According to FinCEN, “U.S. government reports have consistently identified the ability to operate through legal entities without ready identification of their beneficial owners as a key illicit finance risk for the U.S. financial system.” Earlier this year, Congress enacted the Corporate Transparency Act (CTA) to close this gap. The CTA requires every U.S. corporation, limited liability company or similar entity to identify its beneficial owners to FinCEN. FinCEN would make use this information as part of the government’s strategy to deter, detect, and prosecute financial crimes such as money laundering.
Under the statute, every state-licensed insurance company is exempt from reporting under the CTA – meaning insurers have no federal obligation to reveal their beneficial owners to FinCEN. For the 6000 traditional insurance companies in the U.S., this exemption makes sense because state insurance regulators carefully scrutinize insurance company ownership and make significant information available to other regulators and the public.

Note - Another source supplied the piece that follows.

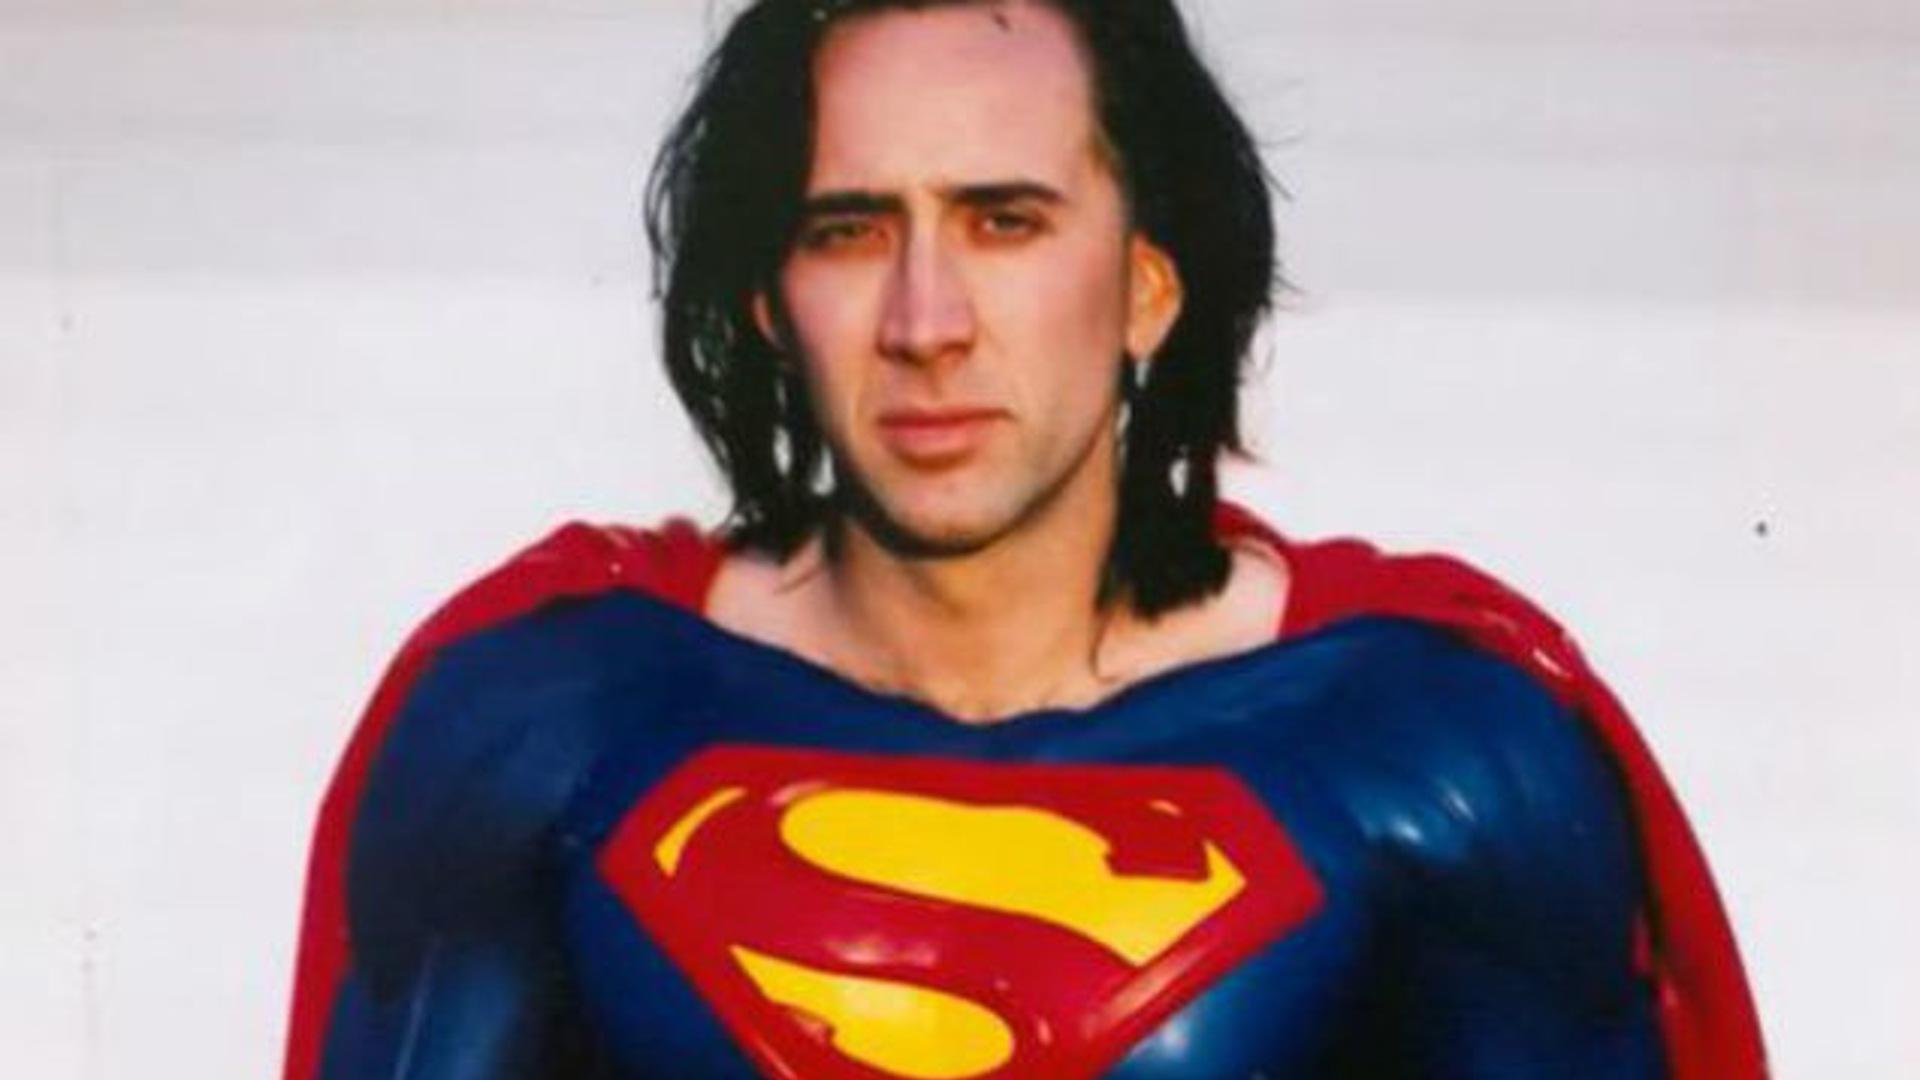 Χίλια μπράβο στον Nicolas Cage που θα είναι ο Superman στην πρώτη ταινία των Teen Titans

In an astounding oversight, the CTA appears to have swept some 3000 secretive state-licensed captive insurance companies into this exemption creating a gaping hole in our national strategy to fight the scourge of financial crime. This is not a hypothetical problem. The Internal Revenue Service has included abusive captive arrangements in its annual “Dirty Dozen” for years. As recently as last month, the IRS has urged participants in abusive captive insurance schemes to fess up before one of its 12 newly formed captive examination teams come knocking.
While Congress may have thought state insurance regulators have been on the beat policing financial crime risk among captives, the evidence suggests rather than opposite. For example, the U.S. Department of Justice is currently in federal court trying to compel the Department of Insurance of the State of Delaware to comply with an IRS summons as part of an investigation of abusive captives licensed in that state. CBI’s own work in investigating state-licensed captives has uncovered captives ultimately owned by a U.S. sanctioned “Communist Chinese Military Company.”
Ideally, the National Association of Insurance Commissioners would reverse its long-standing support of secrecy laws that have shielded captive insurance companies from public and even regulatory scrutiny. In the absence of a clear commitment by state regulators to address the financial crime risk posed by the captives they license and oversee, FinCEN (or, if necessary, Congress) must pare back the CTA’s insurance exemption so that state-licensed captive insurers are subject to the same financial crime controls as other high-risk entities.